▸ The problem: Copy each line below as written, but skip the pictures.

▸ Available data:
+++++

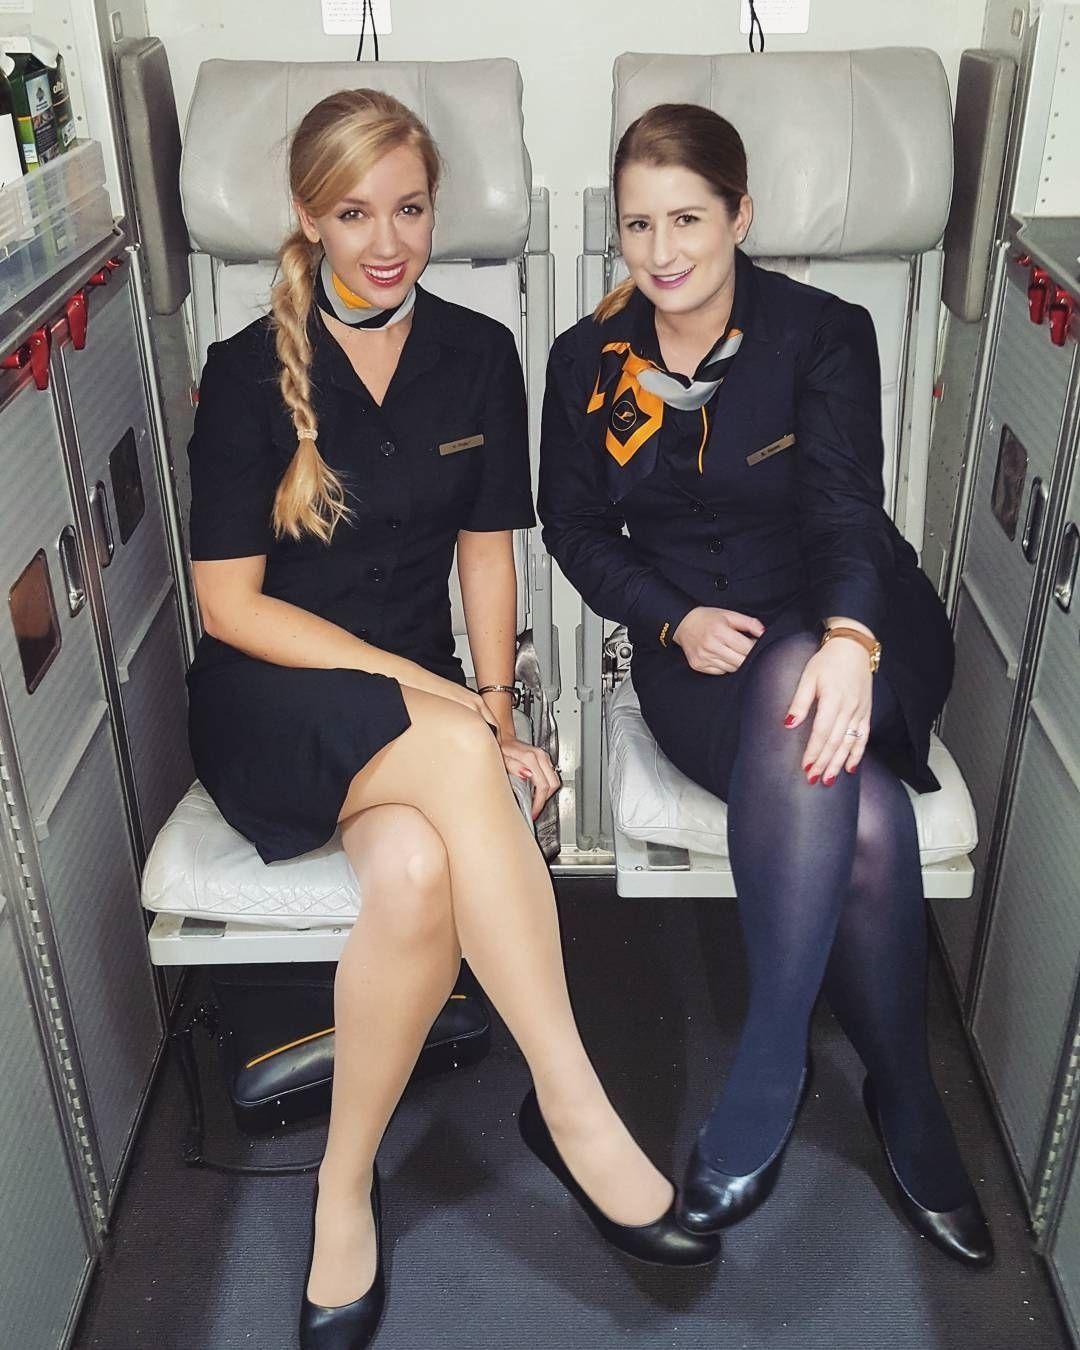 Pantyhose on a plane
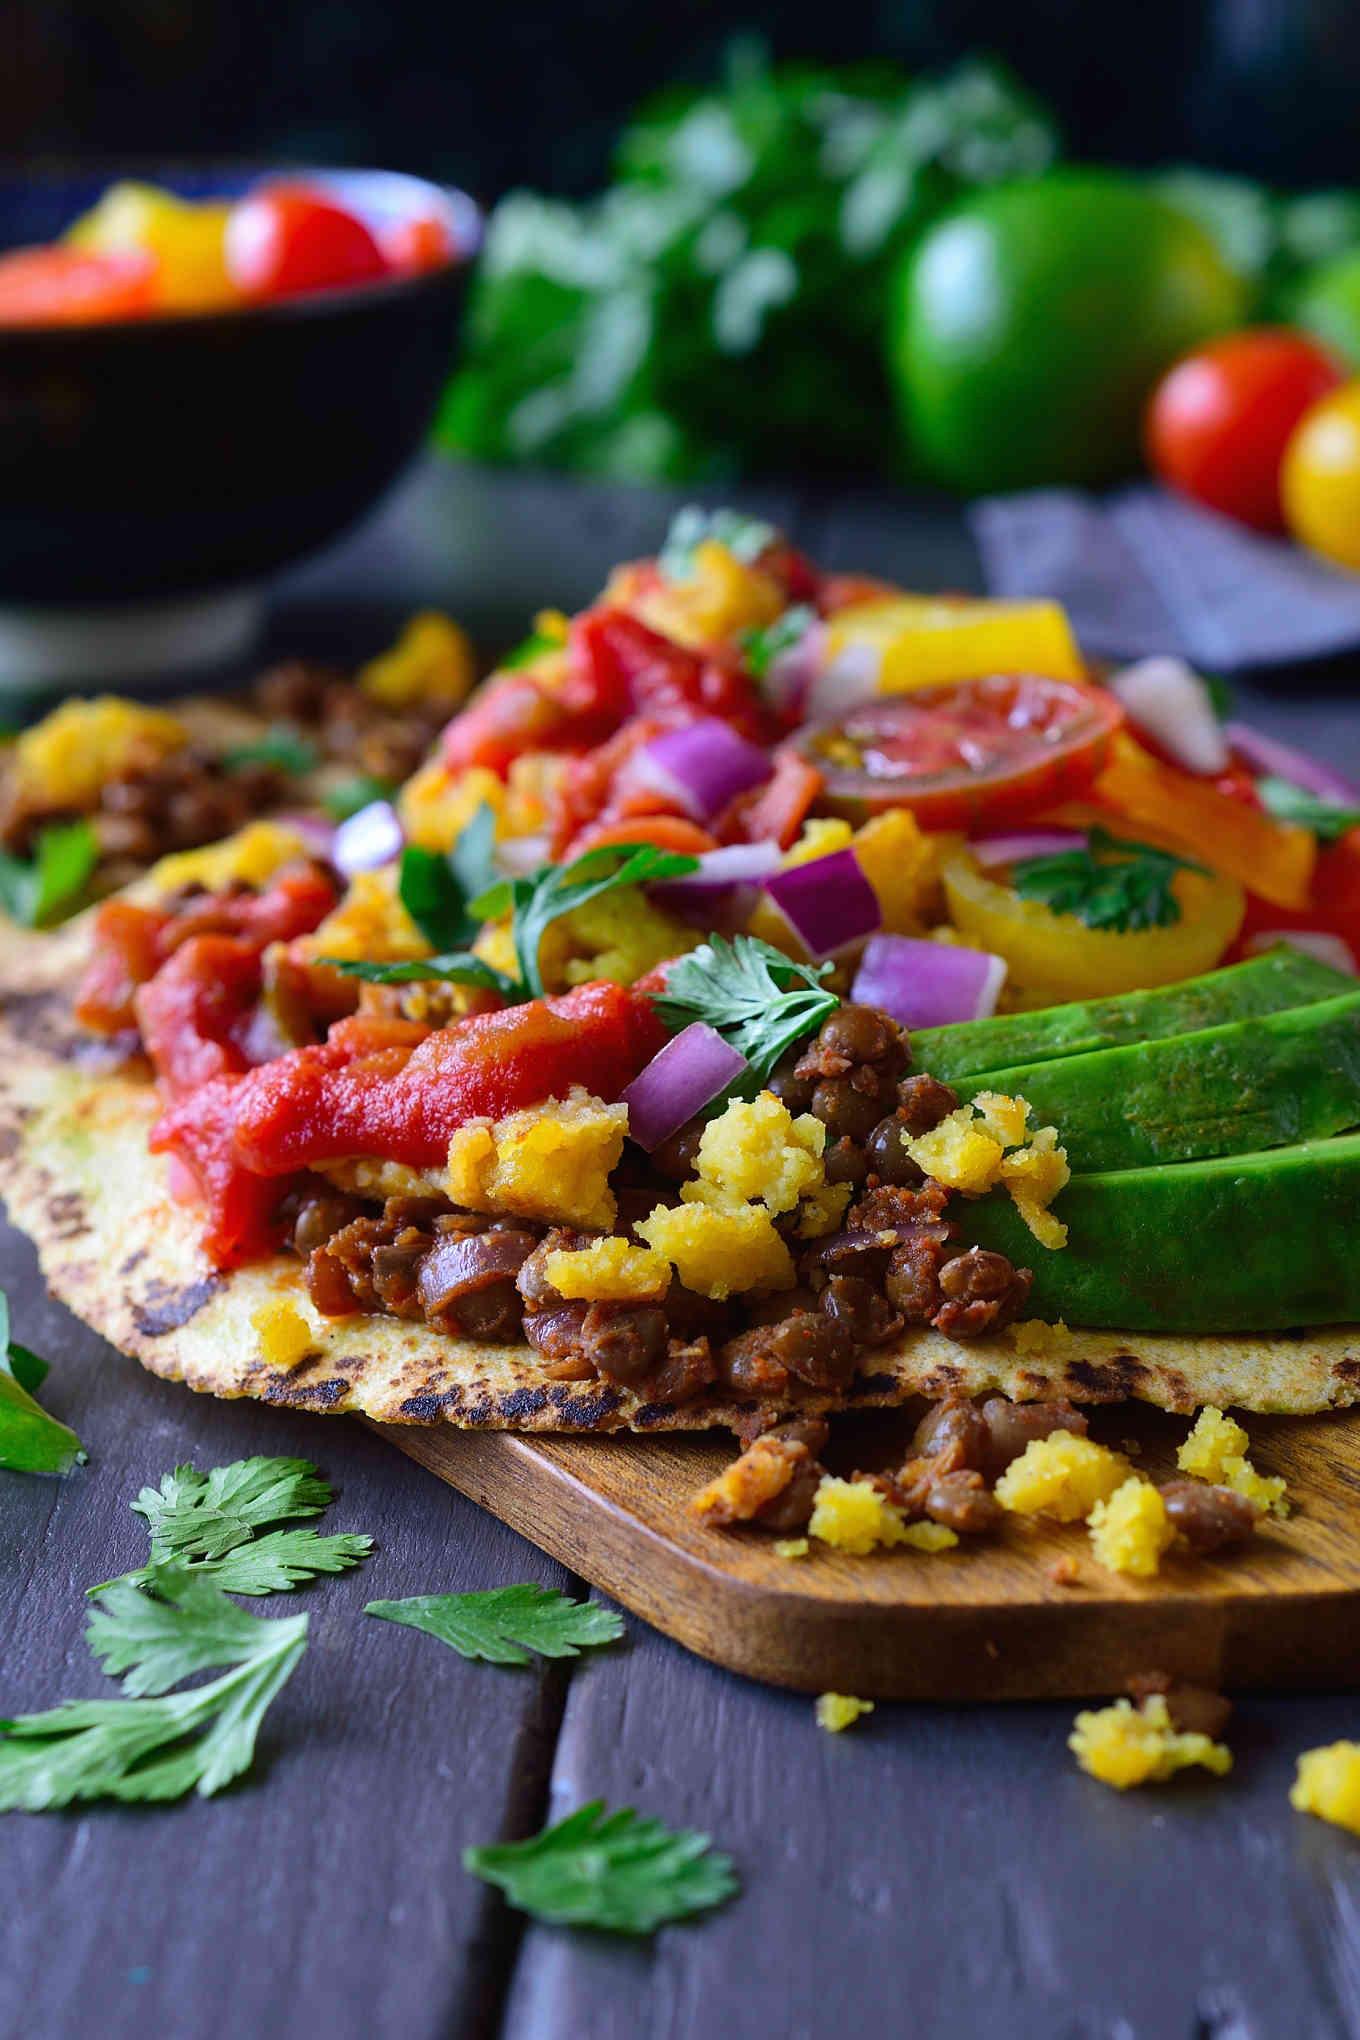 Vegetarian Protein Breakfast  11 High Protein Breakfast Ideas GreenBlender
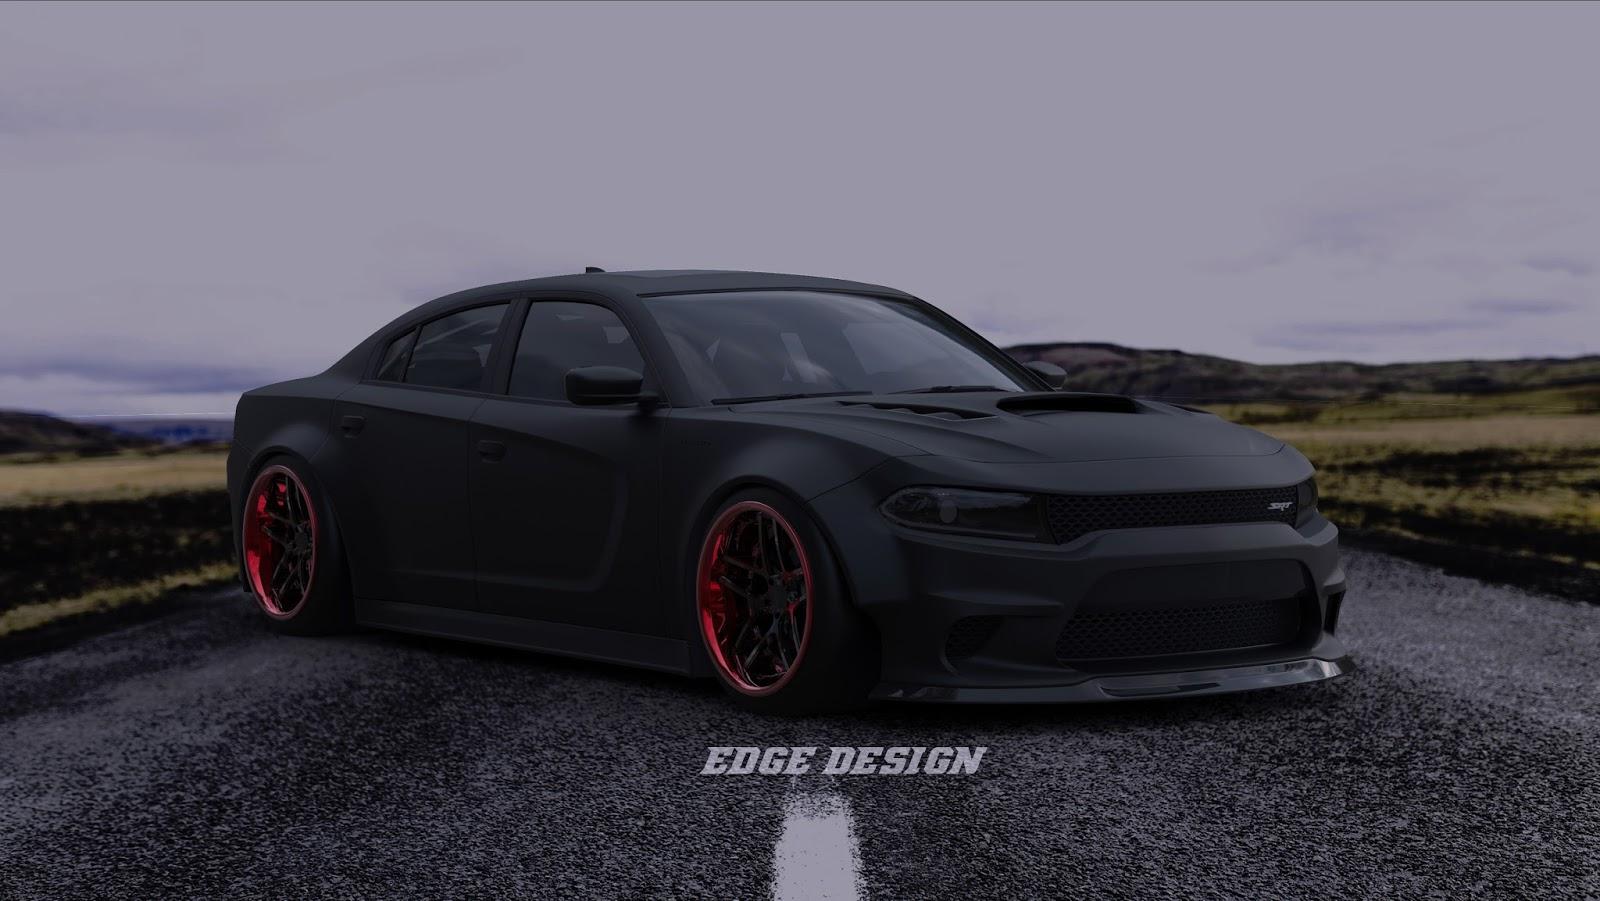 2015 Dodge Charger Srt Hellcat Widebody Kit Design Turbo90 Blog

+++++

▸ Exercise answer:
 Pantyhose on a plane
 Vegetarian Protein Breakfast  11 High Protein Breakfast Ideas GreenBlender
 2015 Dodge Charger Srt Hellcat Widebody Kit Design Turbo90 Blog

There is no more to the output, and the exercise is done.